Your reply should be the whole listing, copied exactly, with the pictures left out.

◆ Exercise data
•••

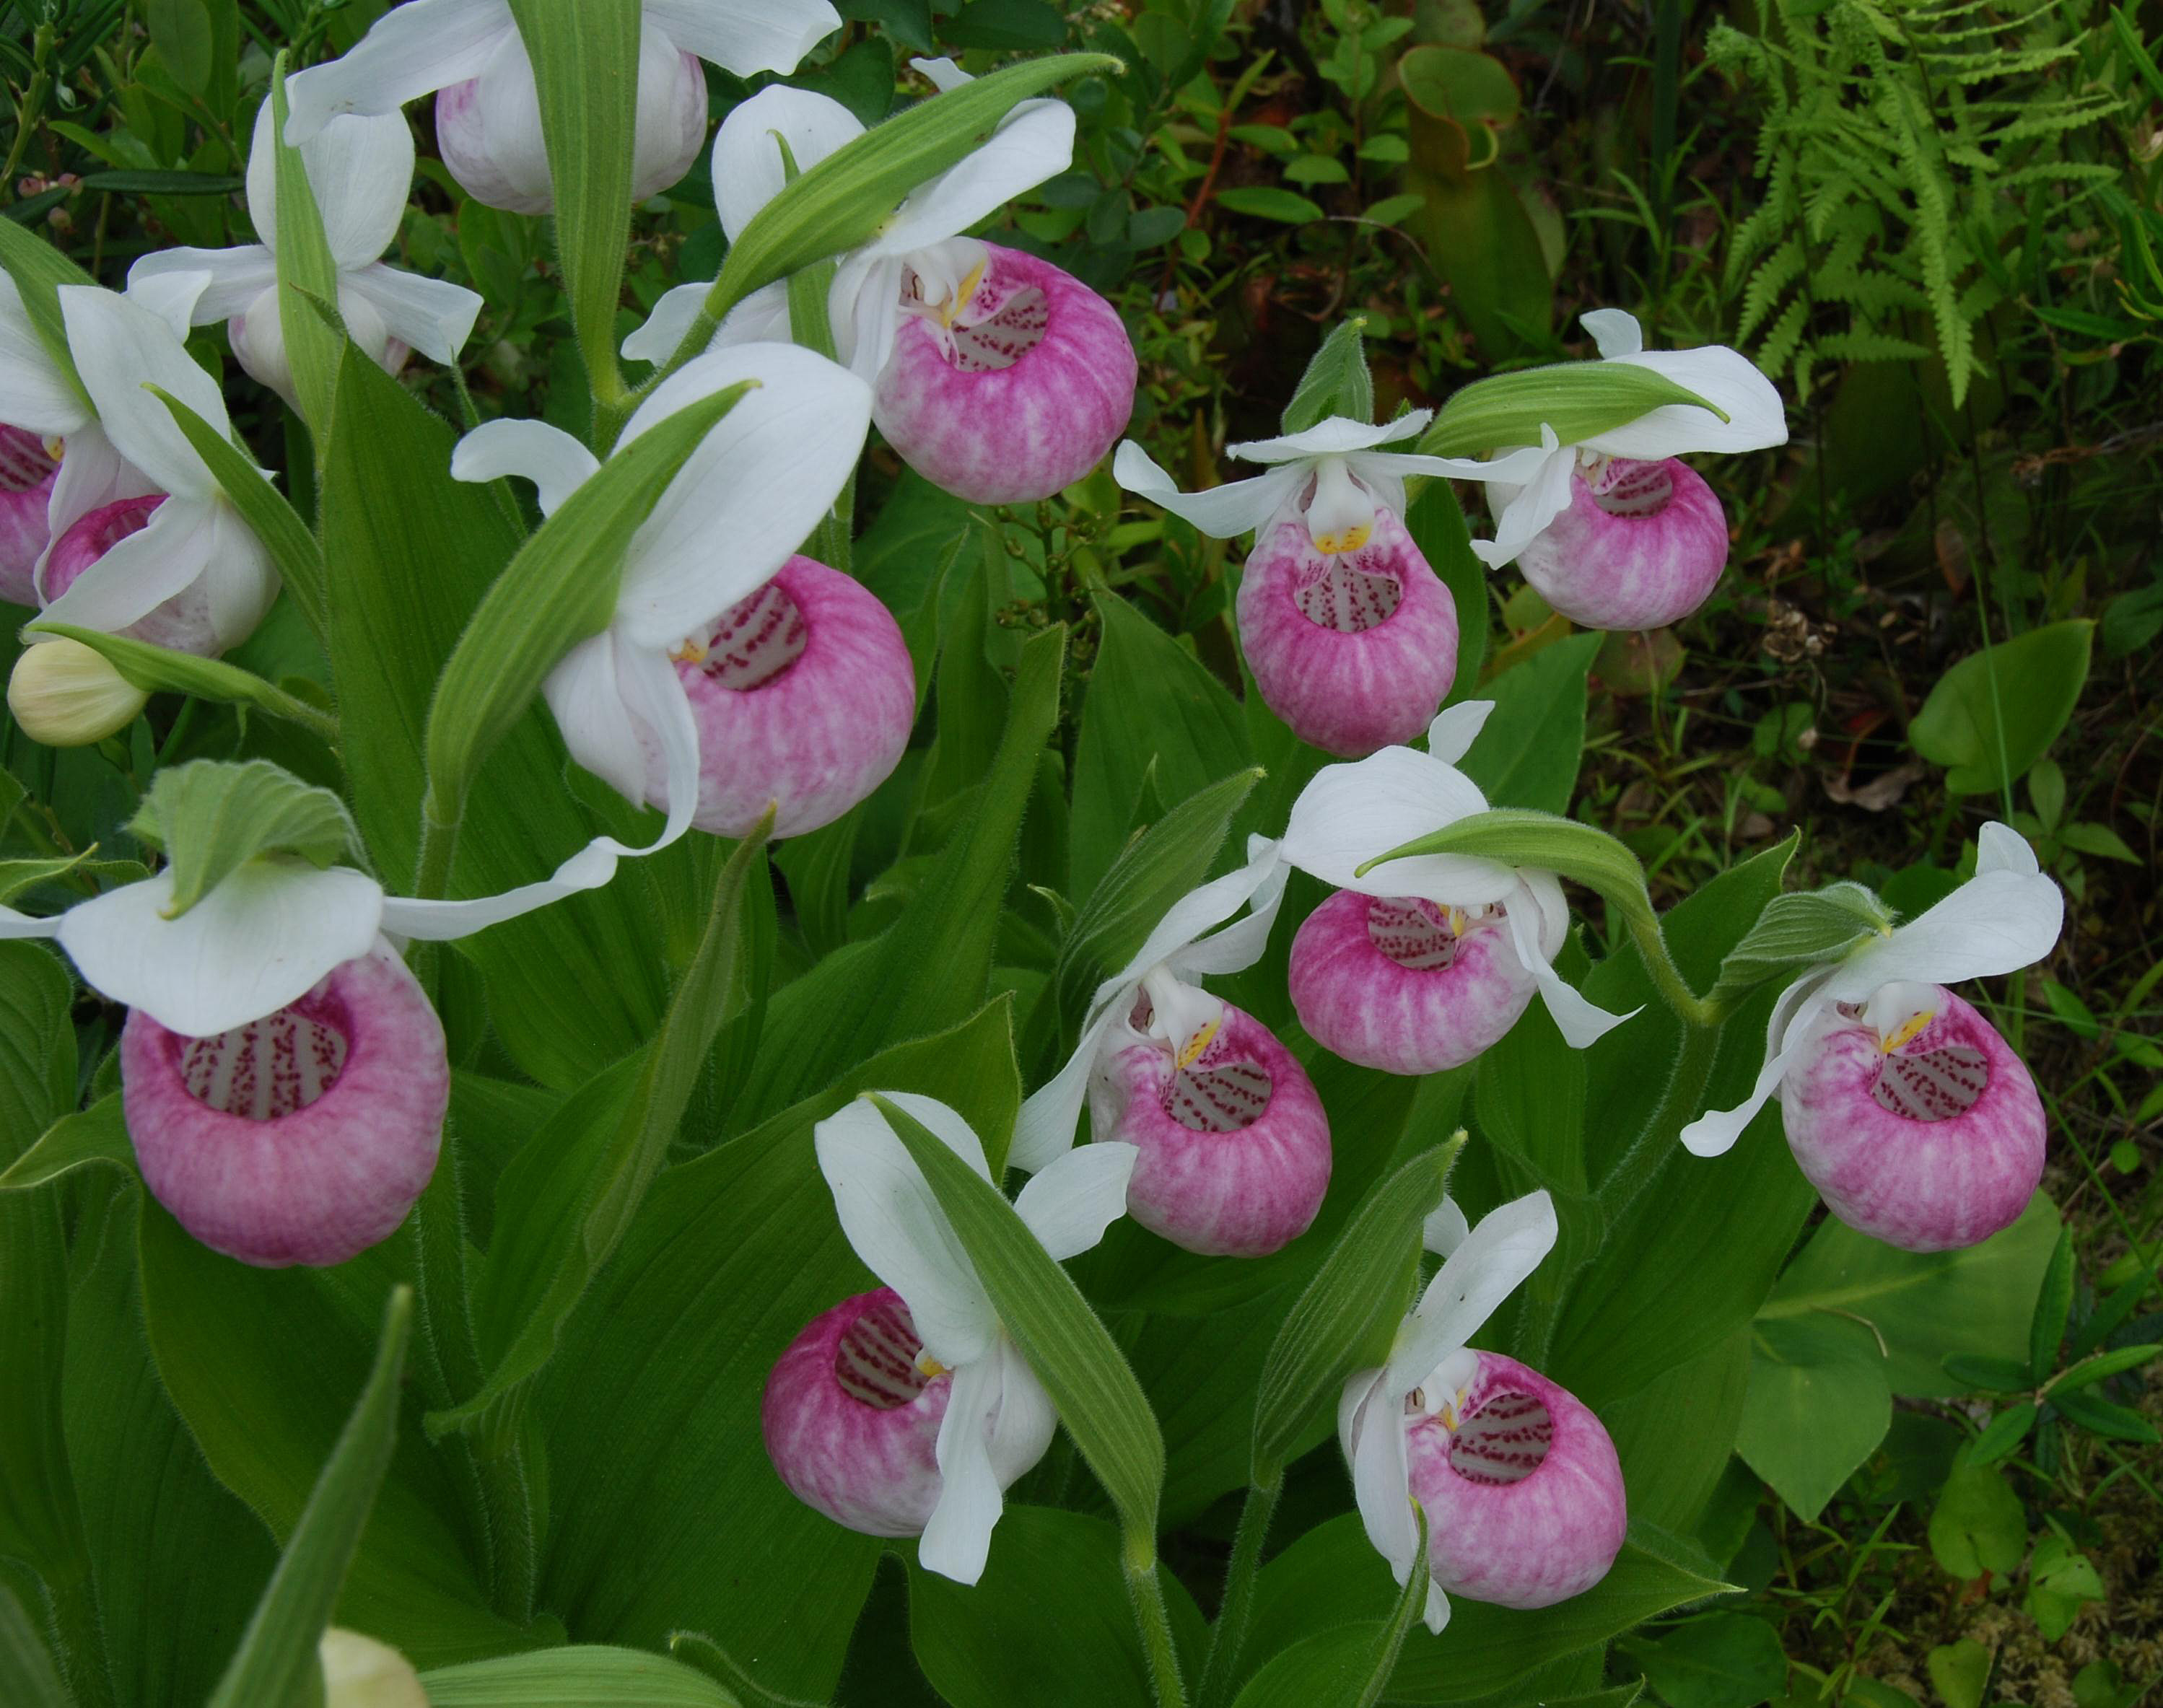 C. reginae - group in flower
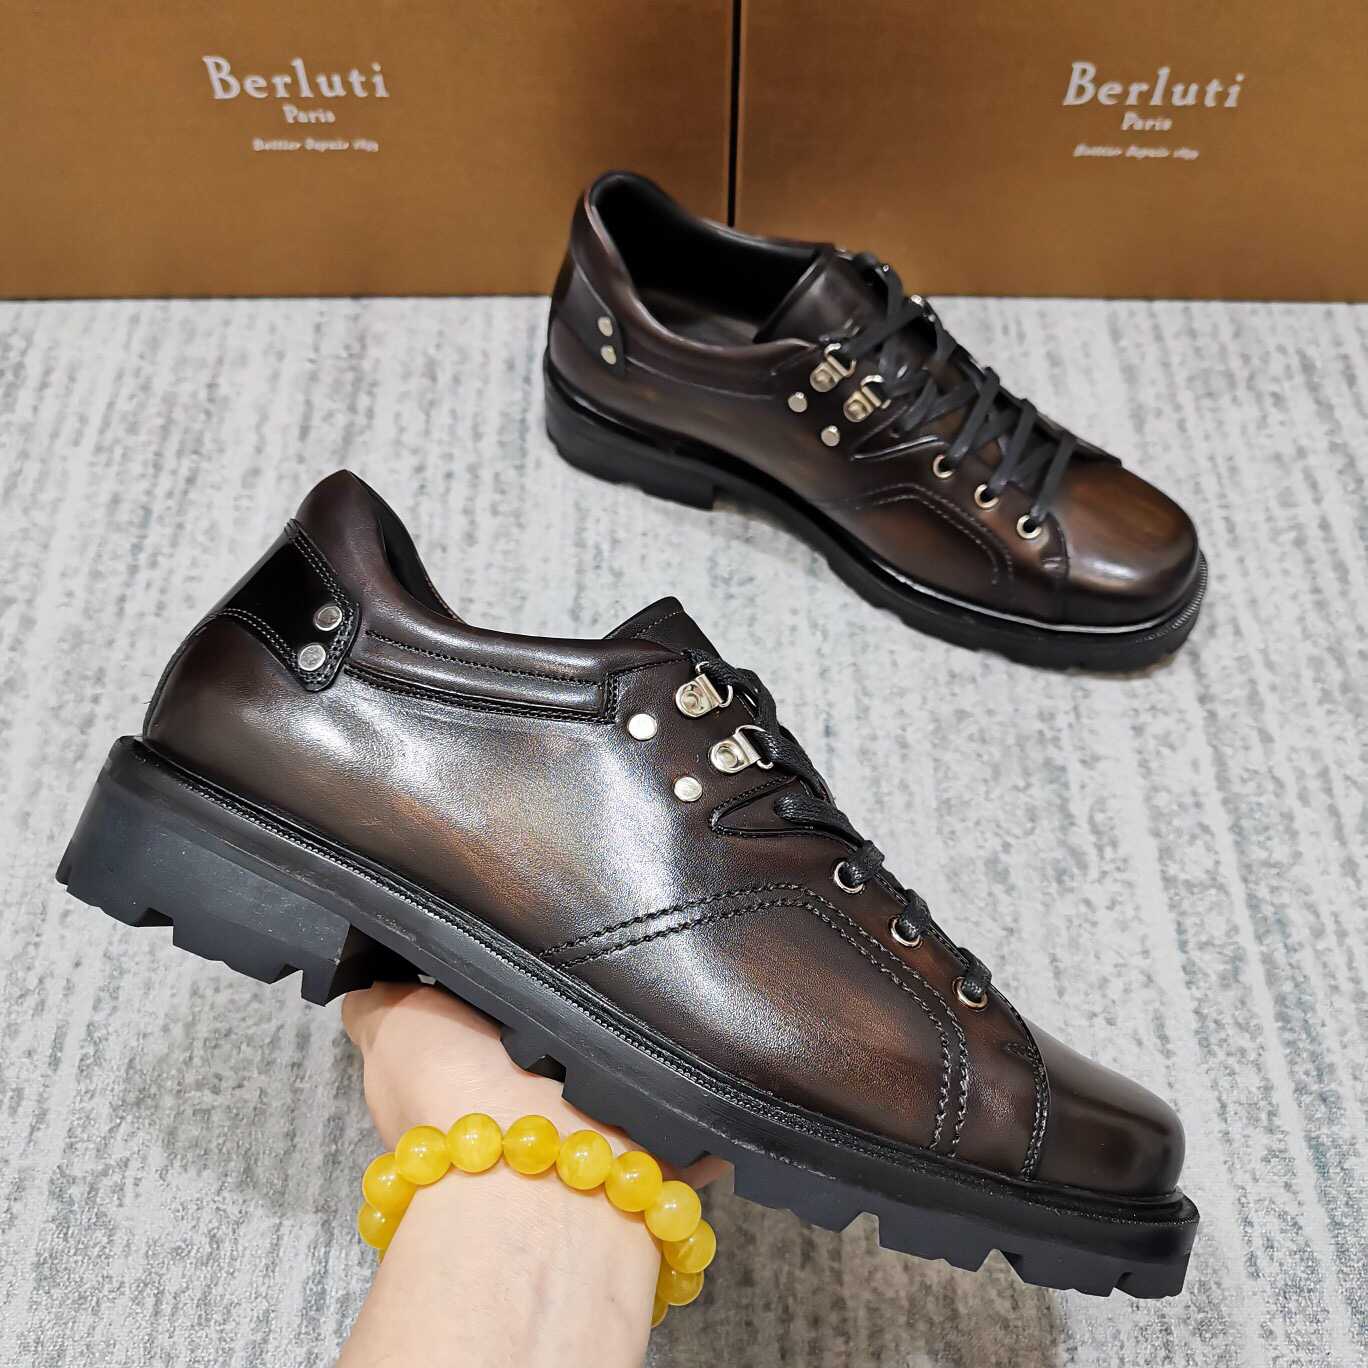 名品伯鲁提男士皮鞋 名品伯鲁提男鞋商城 BERLUTI 布鲁提 Brunico 小牛皮厚底德比鞋 
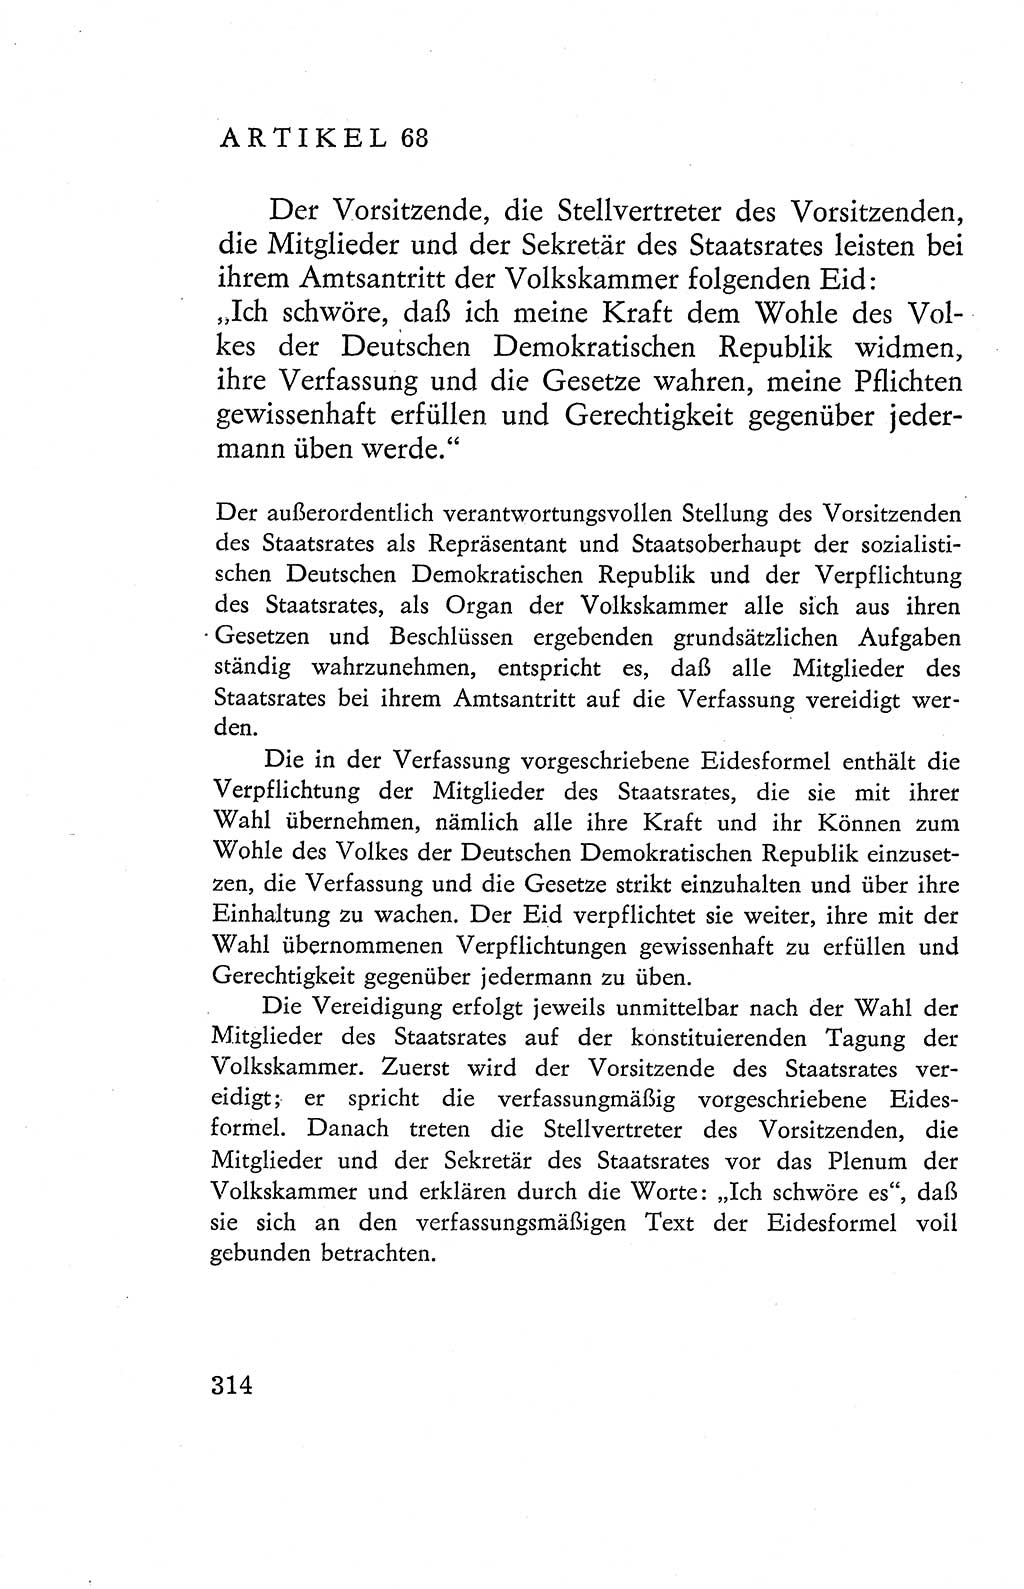 Verfassung der Deutschen Demokratischen Republik (DDR), Dokumente, Kommentar 1969, Band 2, Seite 314 (Verf. DDR Dok. Komm. 1969, Bd. 2, S. 314)

•••

◆ Result for this task
 C. reginae - group in flower
 名品伯鲁提男士皮鞋 名品伯鲁提男鞋商城 BERLUTI 布鲁提 Brunico 小牛皮厚底德比鞋 
 Verfassung der Deutschen Demokratischen Republik (DDR), Dokumente, Kommentar 1969, Band 2, Seite 314 (Verf. DDR Dok. Komm. 1969, Bd. 2, S. 314)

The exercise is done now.